App. 1974), and the trial court is, likewise, limited as to what conduct it can use to
change the manner of the service of a sentence, including revocation, to one more
onerous than that originally imposed. T.C.A. §§ 40-35-308(b) and -311.
Beckner, No. 923, 1991 WL 43545, at *5 (internal footnotes omitted and emphasis added).
Accordingly, it is not permissible for a court to revoke probation based on criminal acts known at
the time the probation was originally granted. See id. See also State v. Beard, 189 S.W.3d 730, 737
(Tenn. Crim. App. 2005). Additionally, as a practical matter, probation is intended to serve as an
opportunity for rehabilitation and operates as a deterrent to future antisocial conduct.
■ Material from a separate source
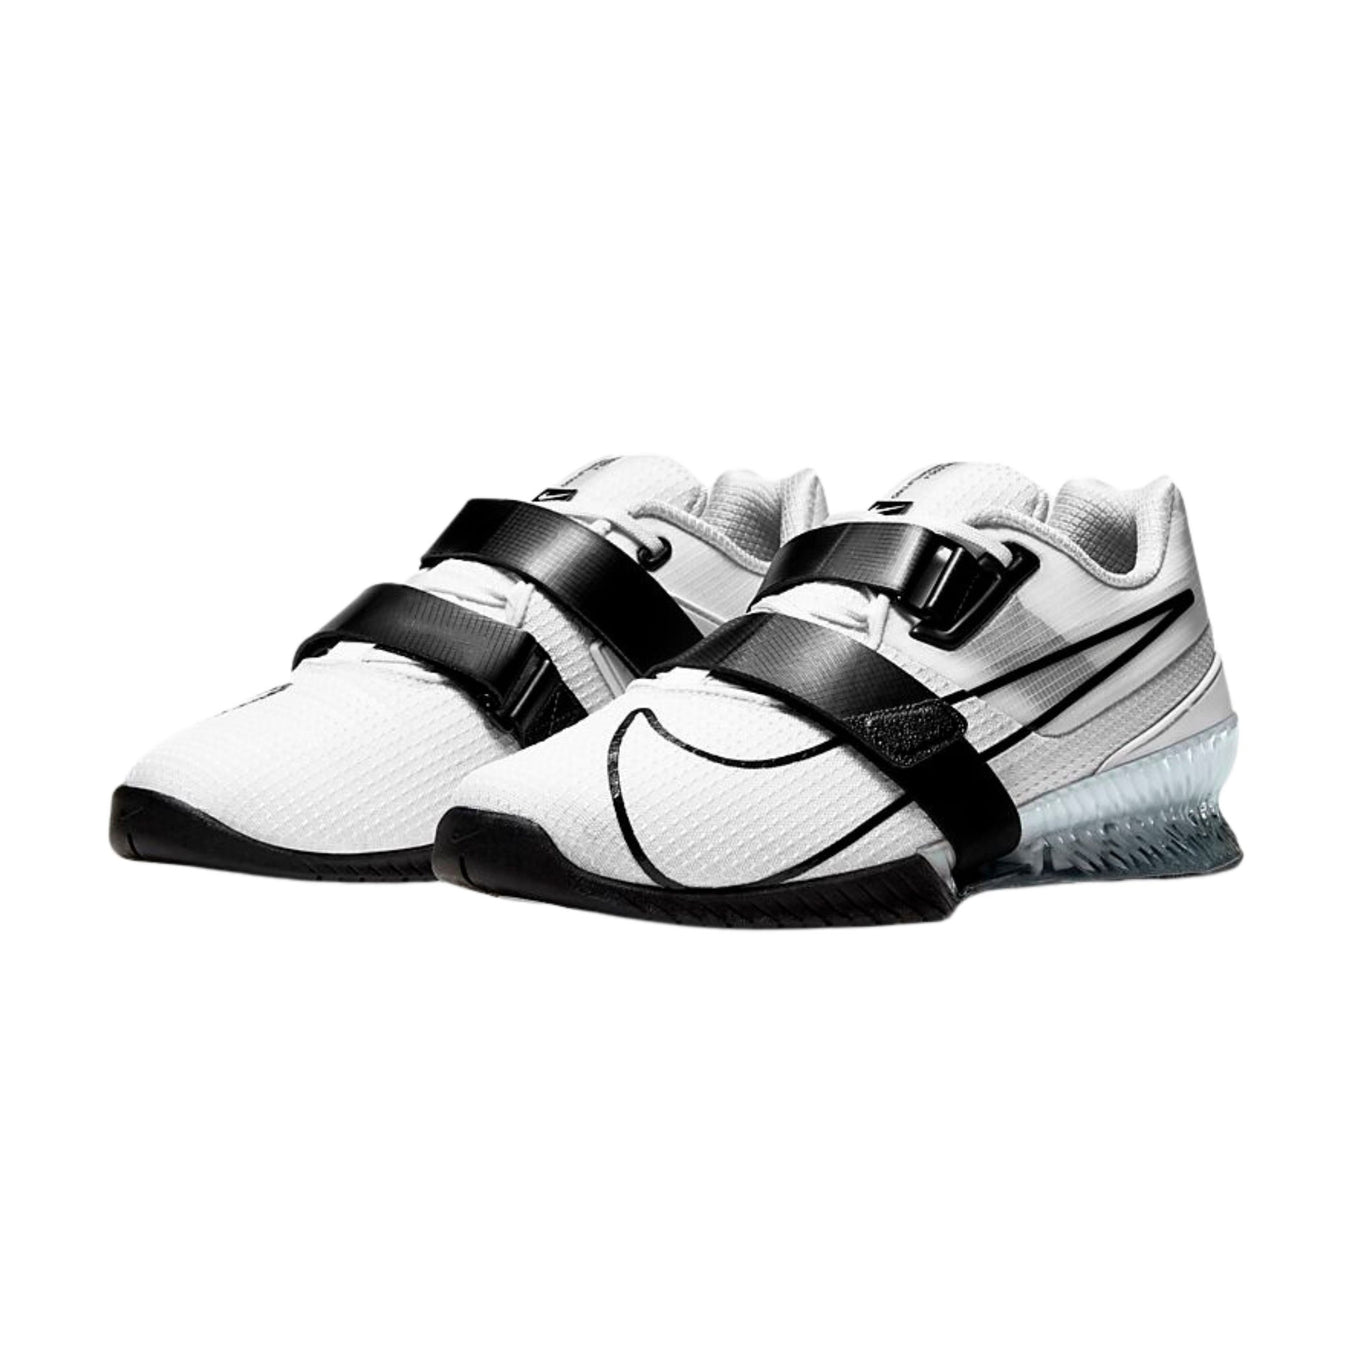 Nike Romaleos 4 Black/White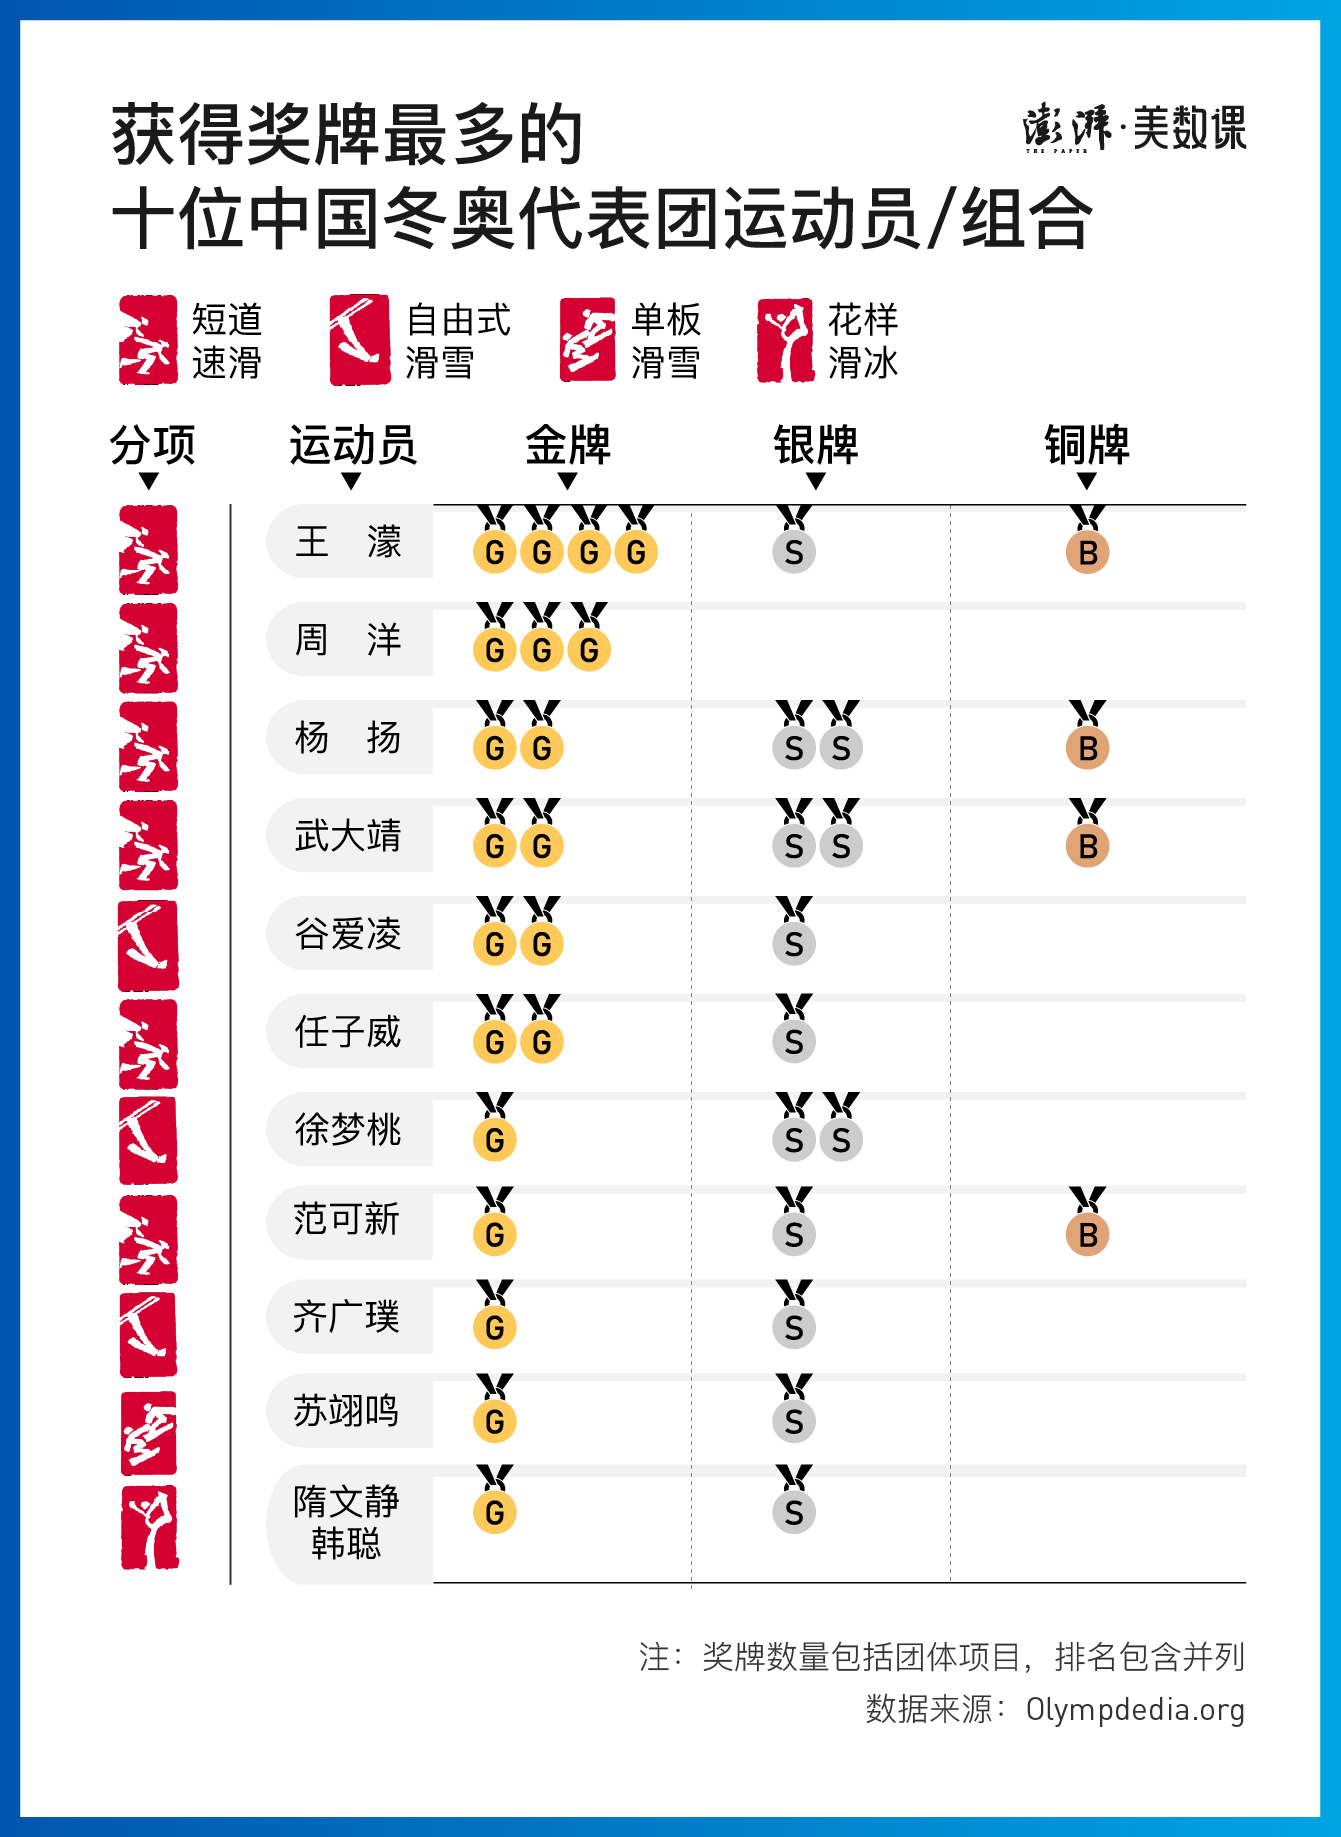 中国第一短道滑雪世界冠军(数说冬奥｜9金创纪录收官，回顾42年中国冬奥夺牌历程)

Therefore, we
fail to see the efficacy of revoking a defendant’s probation based on known criminal conduct
committed prior to being sentenced as such action defeats the rehabilitative purpose for which
probation was initially granted. With that said, we now turn to address whether the court abused its
discretion in revoking the defendant’s probation.
In the instant case, the record contains substantial evidence to support the trial court’s
findings that the defendant violated the conditions of his probation by missing his curfew, not
attending his sex offender treatment class, and losing his PTU device which thwarted the state’s
ability to monitor his movements. Furthermore, it is our view that the trial court did not revoke the
defendant’s probation on the basis of his past criminal conduct. Rather, the trial court reviewed the
defendant’s past criminal history in order to determine whether the beneficial aspects of probation
were being served. The court took a totality of the circumstances approach in order to decide
whether the defendant’s probation violations merited incarceration or another opportunity for
rehabilitation. After doing so, the court determined that the defendant was not amenable to
continued probation. Accordingly, because the trial court need only exercise “conscientious
judgment” in making its decision, we perceive no abuse of discretion by the court in revoking the
defendant’s probation and ordering him to serve his original six-year sentence in confinement with
credit for time already served.
As an aside, the defendant argues that the trial court erred by ordering him to serve his
original six year sentence in confinement upon revoking his probation. However, our sentencing
statute clearly states as follows:
If the trial judge should find that the defendant has violated the conditions of
probation and suspension by a preponderance of the evidence, the trial judge shall
have the right by order duly entered upon the minutes of the court, to revoke the
probation and suspension of sentence and cause the defendant to commence the
execution of the judgment as originally entered . . . .
Tenn. Code Ann. § 40-35-311(e). The defendant is without relief on this issue.
-6-
CONCLUSION
Based upon the foregoing authorities and reasoning, we affirm the judgment of the trial court.